CORRECTION TO THE DULONG-PETIT LAW

 Posted here: March 26, 2001 9:30pm Pacific Time    Latest Update: March 26, 2001

WARNING:

The reader will need some background in chemistry
and mathematics to understand this page!


The following is the approximate text of my talk on Thursday, April 18, 1986 at the 191st American Chemical Society National Meeting in New York City given to one session of the Division of Chemical Education. I wrote it down immediately after the talk and have edited it here for the web:



{Contribution from the R&D Laboratory of Pure Synthetics, Inc.
(Corporation of New Jersey, 1973-1995, dissolved)}


#209 "Heat Capacity - Atomic Weight Relationship"


By J. S. Paul Schwarz


Abbreviations used in the write-up:

SpHt = specific heat
AtWt = atomic weight
S%D = standard % deviation
Cp = molar heat capacity at constant pressure
Cv = molar heat capacity at constant volume
* = multiplication operator, "times"

Scientists form hypotheses and, from them, devise experiments to prove their expectations correct. These expectations serve the useful purpose of keeping us from doing experiments which might not lead anywhere. Occasionally, when expectation is too high, things go awry.
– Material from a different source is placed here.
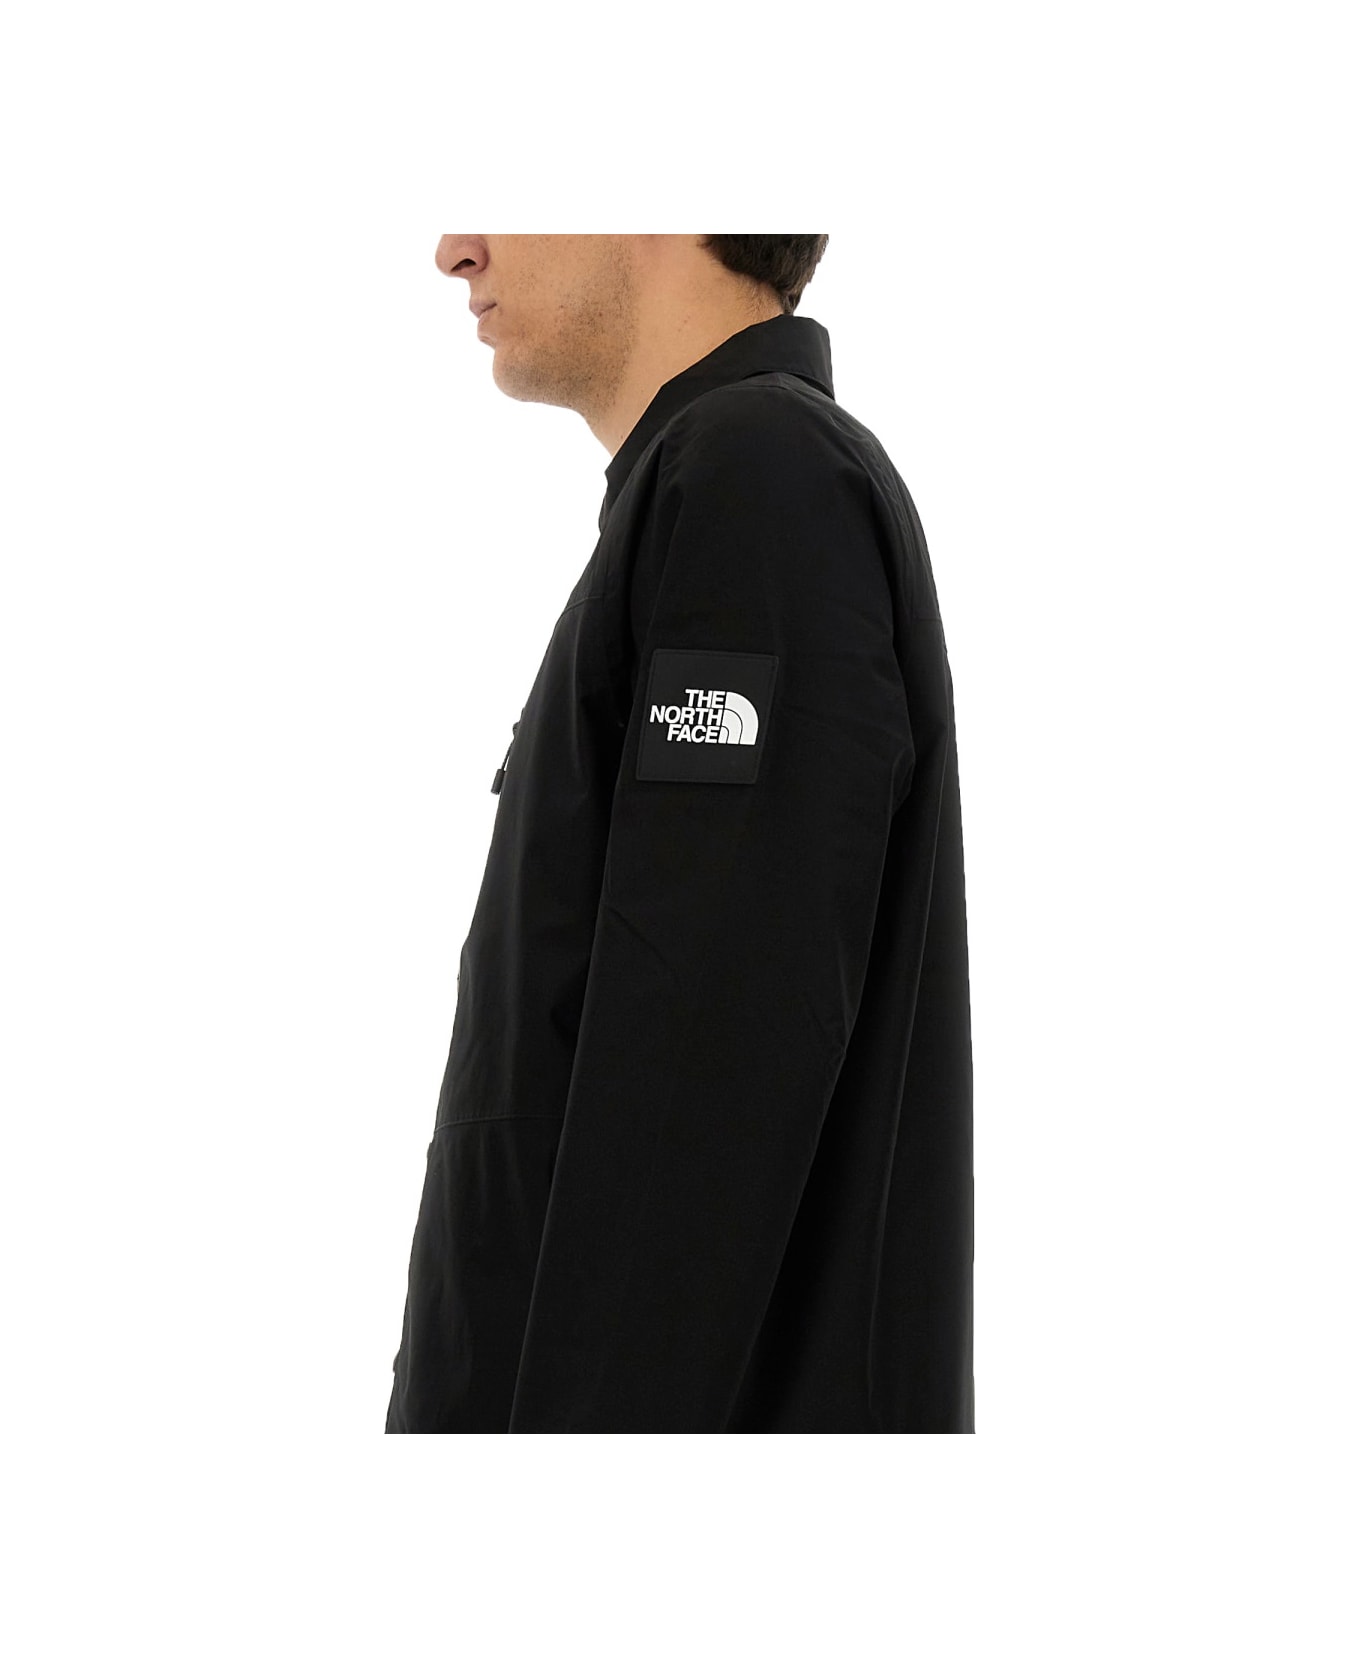 The North Face Jacket With Logo - BLACK ジャケット

In the current book, "Surely You're Joking, Mr. Feynman!" the author tells us of the course of events following Millikan's disclosure of measuring the charge on the electron in his famous oil-drop experiment. It seems that Millikan's value was a bit low because he used a value for the viscosity of air which was not quite right. Workers repeating his work in the ensuing years felt satisfied if they measured a value close to Millikan's but would look very critically at any results which were too "high" and, maybe, find some reason to throw out high values. In this way, the value of the electronic charge only rose slowly over the years to the currently accepted value. This is how it goes with expectation: usually it helps us in the laboratory, but sometimes we are lead astray.

Needing a topic for a discovery class suitable for high-school students, I chose the Dulong-Petit Law.


DULONG-PETIT LAW

(SpHt = specific heat; AtWt = atomic weight; Cp = heat capacity at constant pressure)

For Solid Elements:

SpHt * AtWt = Cp = 6 calories/gram-atom

Alexis T. Petit & Pierre L. Dulong, Ann. chim. phys., 10, 395 (1819).
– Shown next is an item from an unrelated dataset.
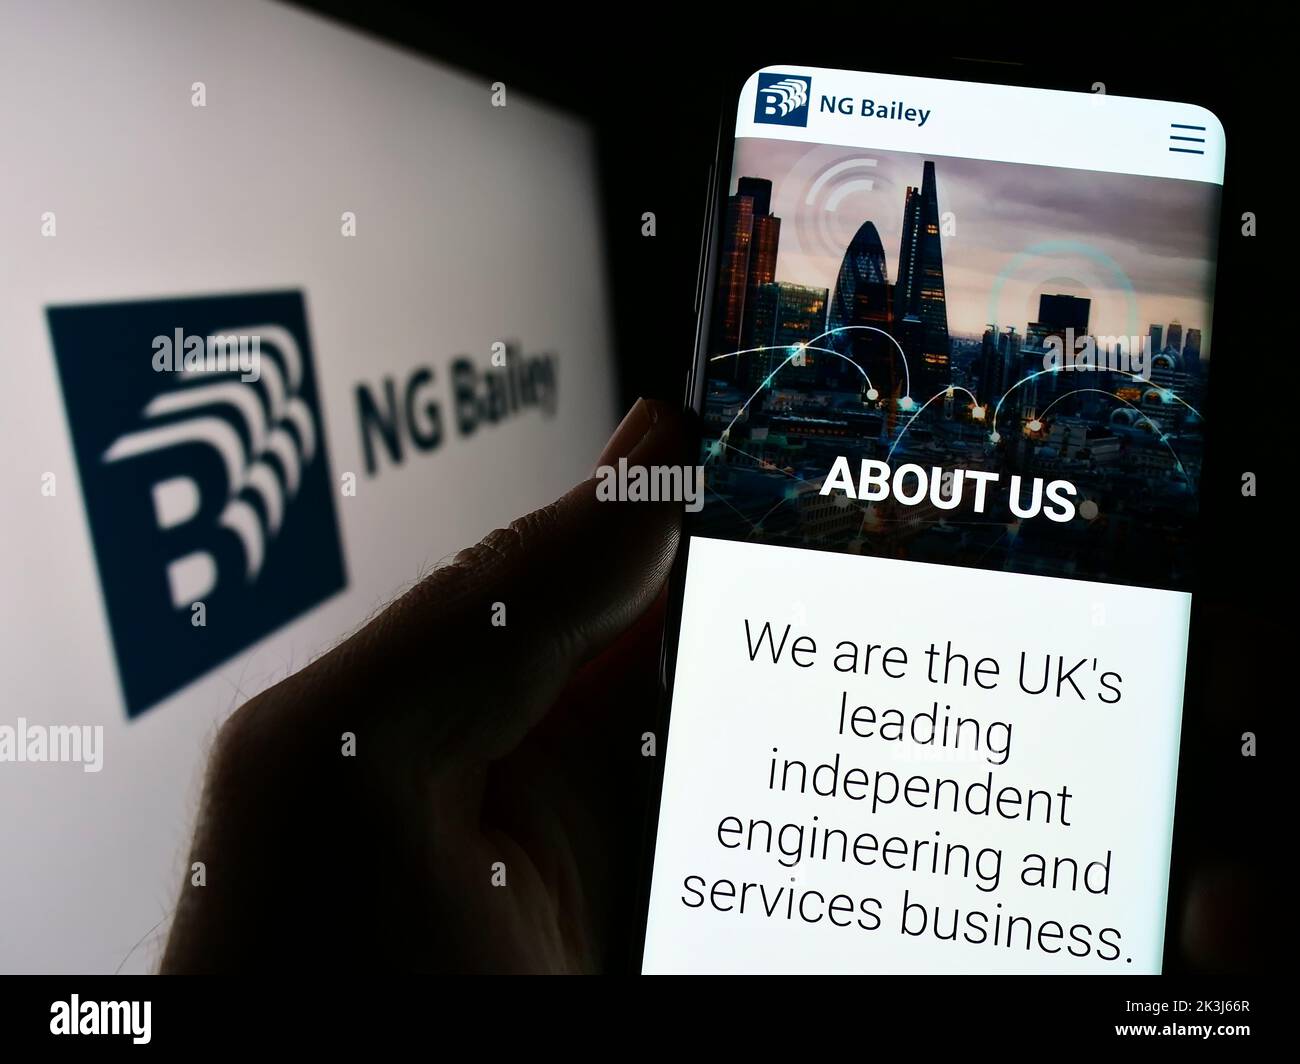 Person holding mobile phone with website of engineering company NG Bailey Group Limited on screen with logo. Focus on center of phone display. Stock Photo

But I thought it would be too easy if I just presented the class with a number of molar heat capacities which were all about 6.0; consequently, I chose to use the alternate form of the law where SpHt times AtWt = 6.0 and have the class discover graphically that reciprocal specific heat is proportional to atomic weight.

1/SpHt = AtWt/6

Beforehand, I wanted to make up the requisite graph; thus, after choosing ten common metals for the euphony in the names, I plotted reciprocal specific heat (298 °K) vs atomic weight fully expecting (naively) to find a spray of points about a line through the origin with a slope of about 1/6.
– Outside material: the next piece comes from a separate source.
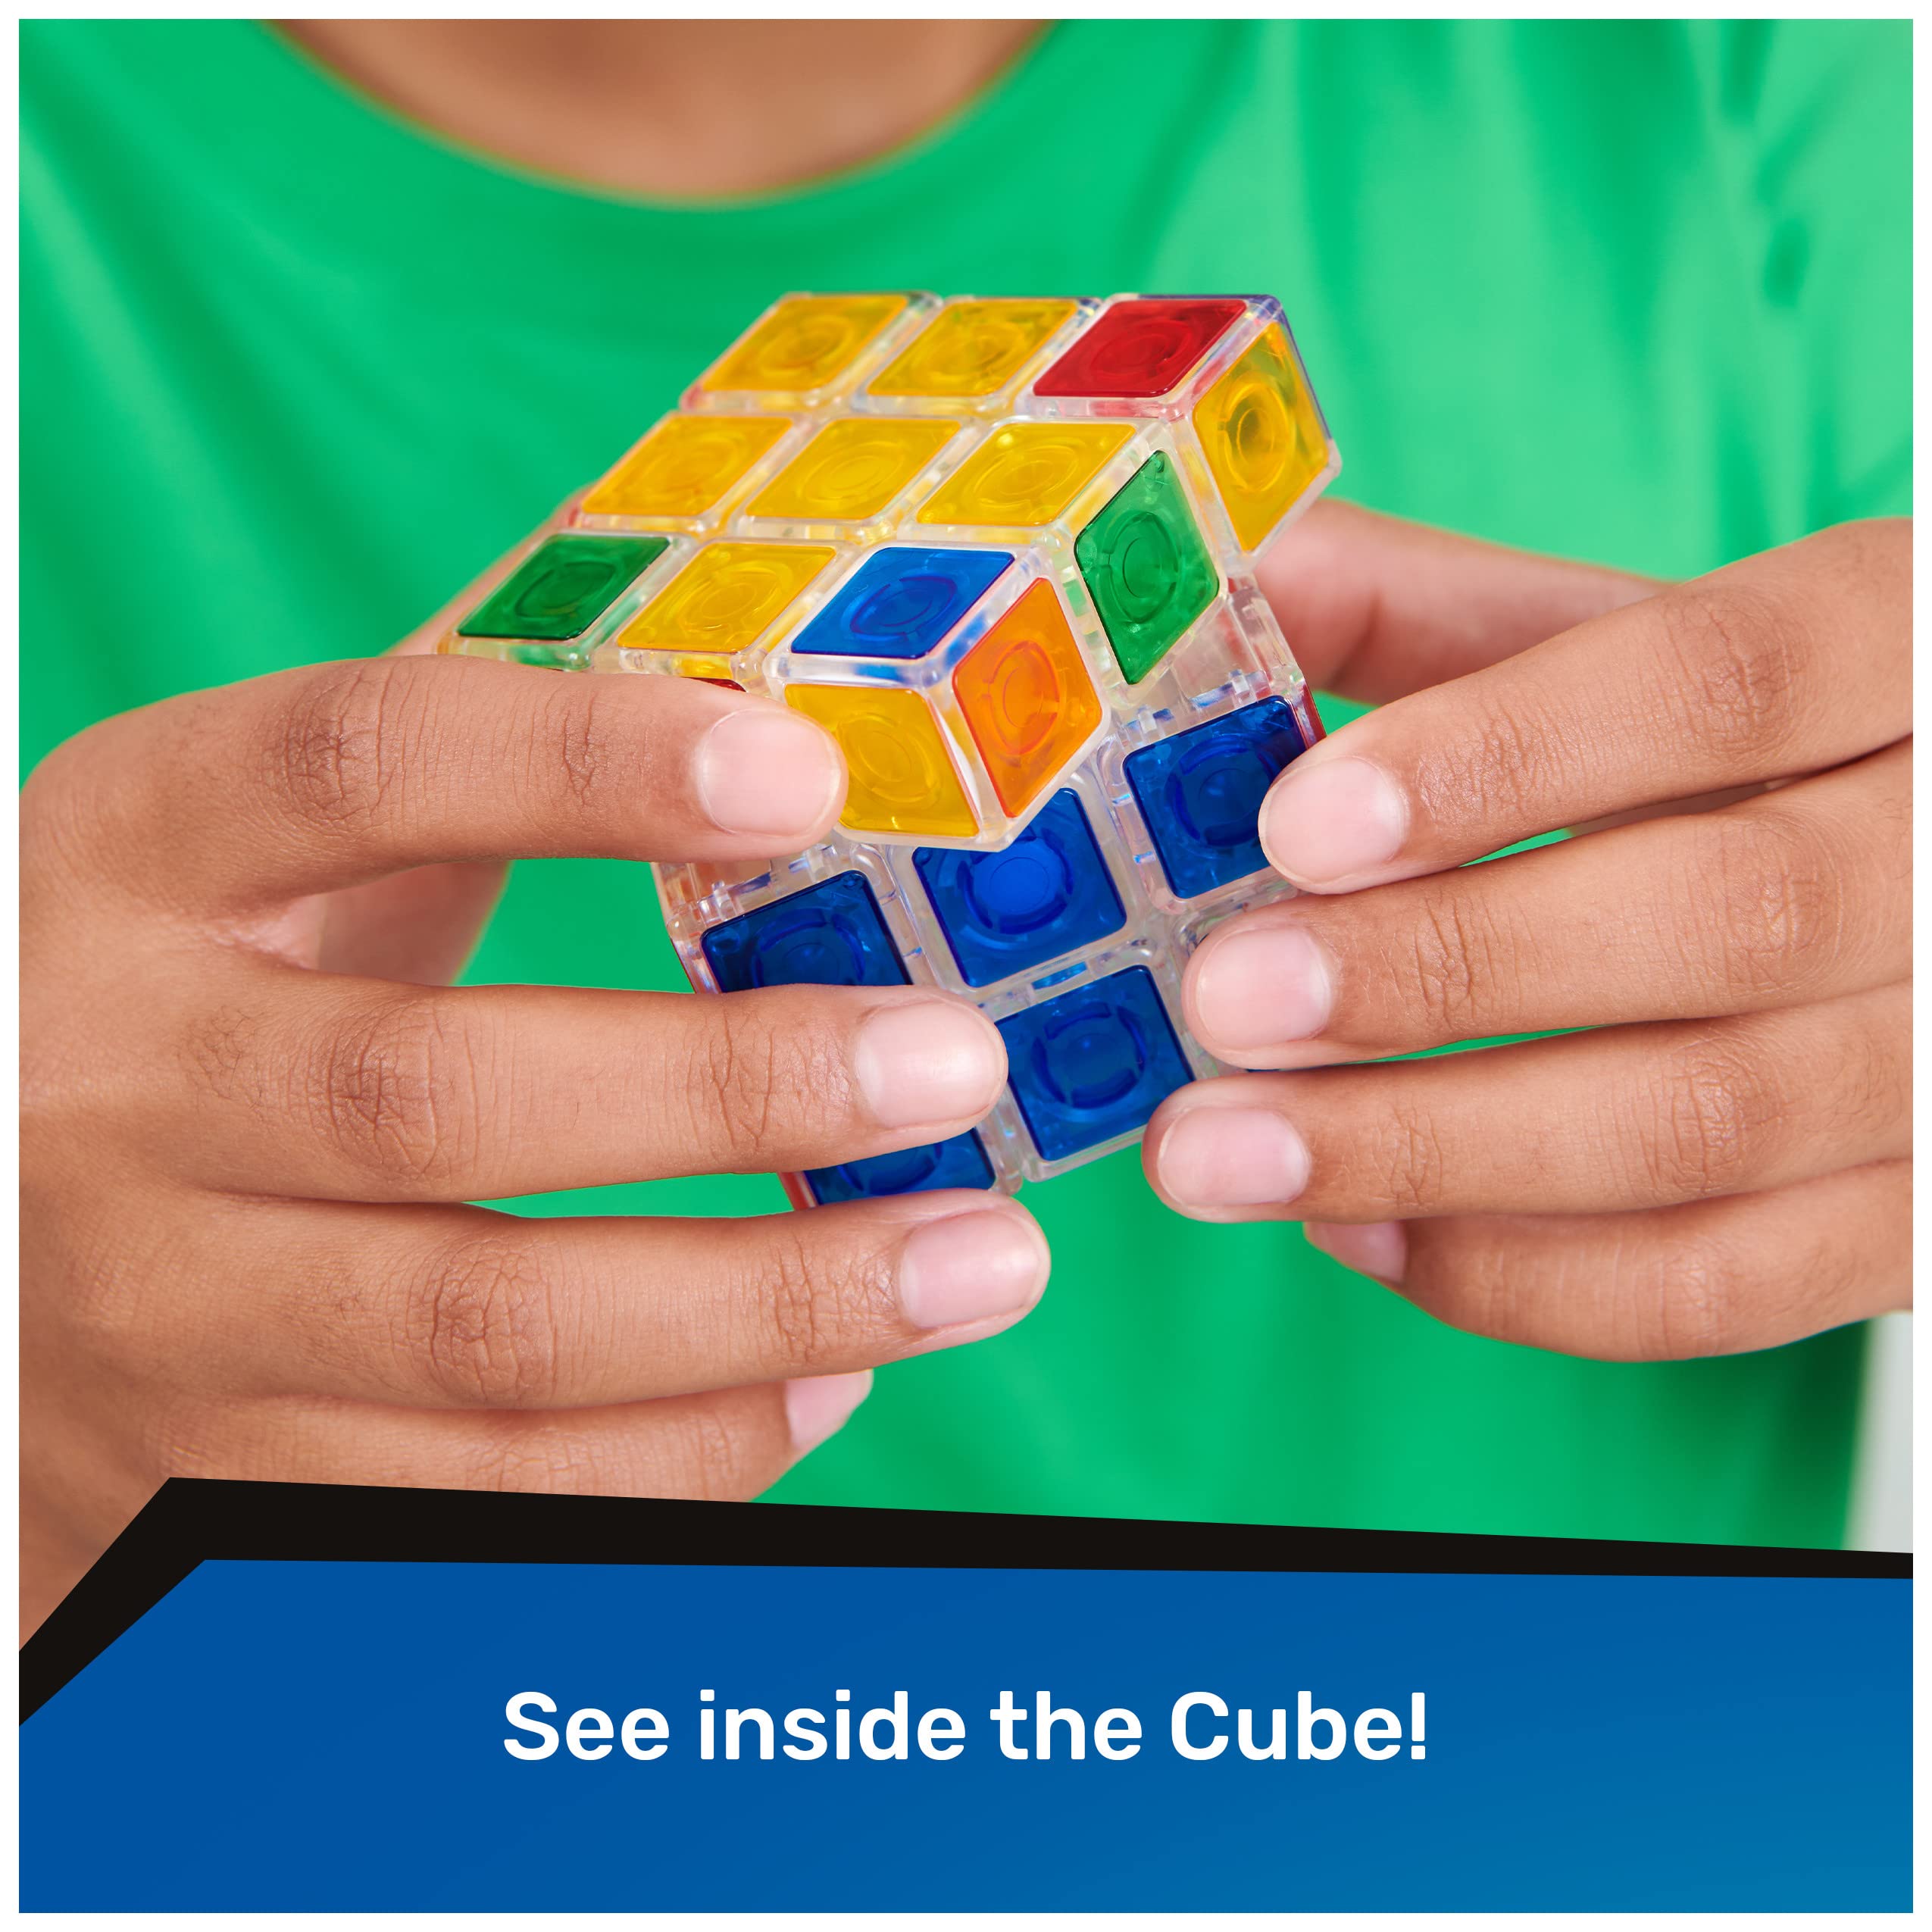 Rubikââ‚¬â„¢s Crystal, New Transparent 3x3 Cube Classic Color-Matching Problem-Solving Brain Teaser Puzzle Game Toy, for Kids and Adults Aged 8 and Up

Graph of 1/SpHt vs AtWt for 10 metals What I found (graphic to left) were 10 points in a pretty good straight line which DID NOT pass through the origin but gave a small positive ordinate intercept. This was intriguing for it meant that the equation of the line was not the Dulong-Petit equation but the equation given in the graph below. From this, one can derive the equation for the molar heat capacity and, Cp is not a constant 6 but a non-linear function (at 298°K) of atomic weight.


HEAT CAPACITY EQUATIONS

1/SpHt = slope * AtWt + constant

Cp = SpHt * AtWt

Cp        

=        

AtWt
--------------------------------------
Slope * AtWt + Constant


Investigating further, I found that, if I confined the graphs to only elements in the same file or family in the periodic table, I got good linear plots.

Graph for alkali metals The graphic at the left shows plots at 298°K for the alkali-metal family, lithium through cesium. One can see that the points lie very nicely along a straight line, the actual curve-fitting being done by computer. Originally, I began by using the least-squares method for this but found with low ordinate values, particularly with an element like lithium, that least-squares would give a rather high %-error when comparing the measured value with the estimation from the equation. This happens because least-squares fits curves by minimizing only the standard deviation. Therefore, I derived equations which minimize the standard-%-deviation (S%D), and I call this method "least error." If you are interested in using this method, I have a page with the derivation of the equations that you can pick up after the talk.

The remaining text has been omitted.